Según el responsable del stand de una de las cadenas de librerías con presencia en casi todo el país (que prefiere mantener el anonimato): “El día perdido fue el domingo que hizo la exhibición Colapinto. La gente que compra y la que recorre, no vino. Los días con más gente fueron el 1 y 2 de mayo. Este último fue el día con más ventas. Gente hubo todos los días, sobre todo cuando liberan las puertas a partir de las 20 horas. Los niveles de ventas están cercanos a 2025, lo cual es meritorio. Considerando que, en 2024 sobre todo, y 2025, los bancos tenían reintegros más agresivos. Este fin de semana es el de la Conabip (bibliotecas populares) y las editoriales tienen ofertas muy importantes. Nosotros tenemos descuentos más moderados. Pero contamos con un stock amplio y eso a la gente del interior le sirve.”

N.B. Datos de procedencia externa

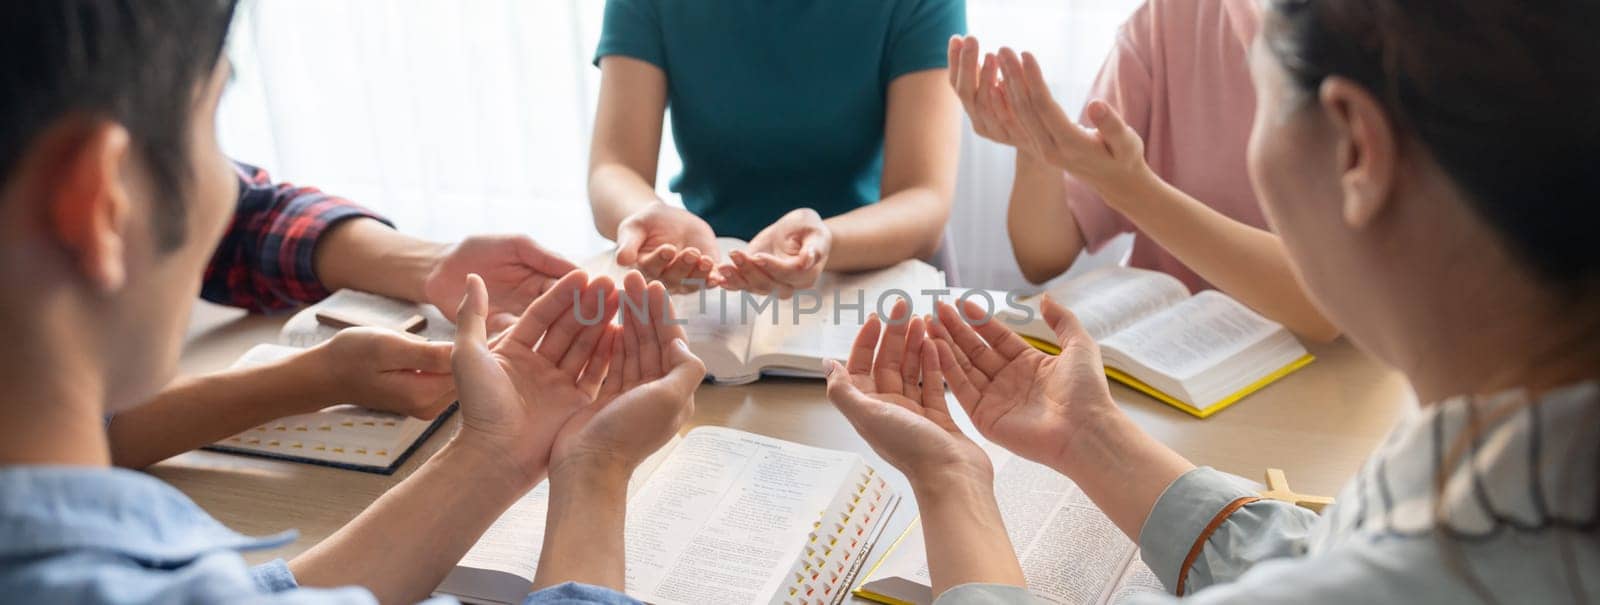 Diversity people hand praying faithfully together on bible book. Burgeoning. by biancoblue

Remarcando el contraste entre grandes editoriales y medianas / pequeñas, el presidente de la CAL agrega: “En el caso de las más grandes están diciendo, en promedio, que fue la mejor feria de la historia y que están arriba en ventas. Pero siempre volvemos a lo mismo, alguna de estas grandes antes de arrancar la feria van a estar un 20% arriba y todavía no había puesto la alfombra; entonces otra del mismo rango, por reflejo, tiene que decir algo similar, porque si no tienen un problema. La realidad es que las editoriales pequeñas y medianas están mucho más abajo en ventas; sin pensar, por ejemplo, en el caso de una que el año pasado tenía un stand de 64 m² y este año tiene uno de 16 m². Y esto ocurrió con varias que, pese a todo, decidieron estar y apostar pese a todo. La realidad es que el mercado no está respondiendo como corresponde al esfuerzo de la mayoría de los expositores.”

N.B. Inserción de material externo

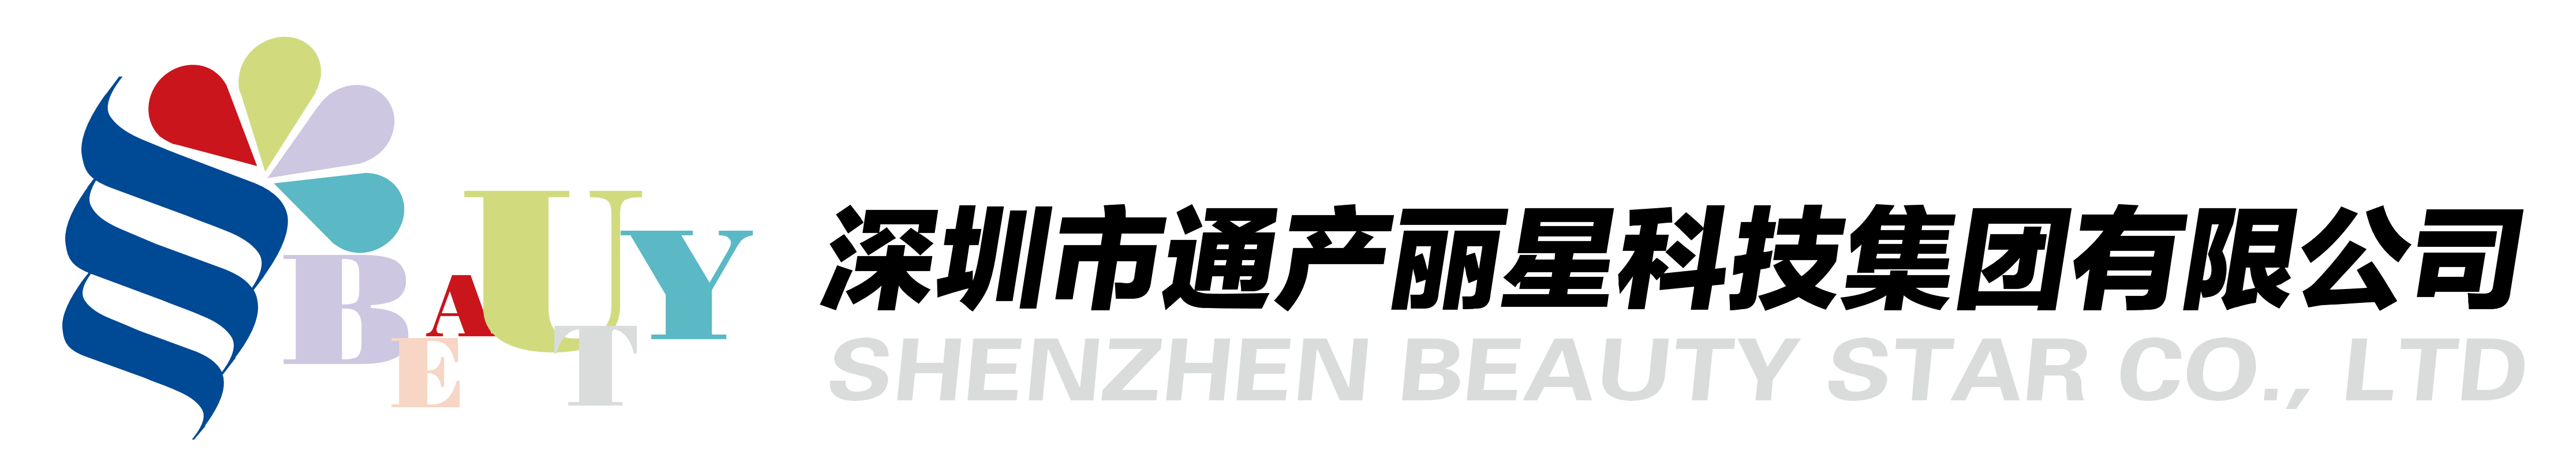 logo_通产丽星科技集团.png

Dos premios Nobel de Literatura para el festejo
La llegada de Mo Yan y J.M. Coetzee a la Feria del Libro produjo una excitación un poco antigua, casi de otro siglo, como si todavía existiera la idea de que los escritores podían modificar algo más que la disposición de los libros en una mesa de saldo. Había largas filas, lectores con ejemplares subrayados y fotógrafos que parecían esperar una revelación. Coetzee apareció con esa austeridad sudafricana que lo vuelve más bien una sombra de sí mismo: hablaba bajo, miraba poco, respondía como si cada palabra hubiera atravesado antes una aduana moral.
Mo Yan, en cambio, parecía más dispuesto al desconcierto, con una cordialidad ambigua, difícil de saber si era timidez o distancia cultural. La Feria, mientras tanto, seguía siendo la Feria: con olor a café recalentado, adolescentes sentados en el piso, editores fatigados y escritores locales vigilando de reojo la multitud ajena.
Durante unos días, sin embargo, dio la impresión de que la literatura todavía conservaba un resto de prestigio inútil, y precisamente por eso indispensable.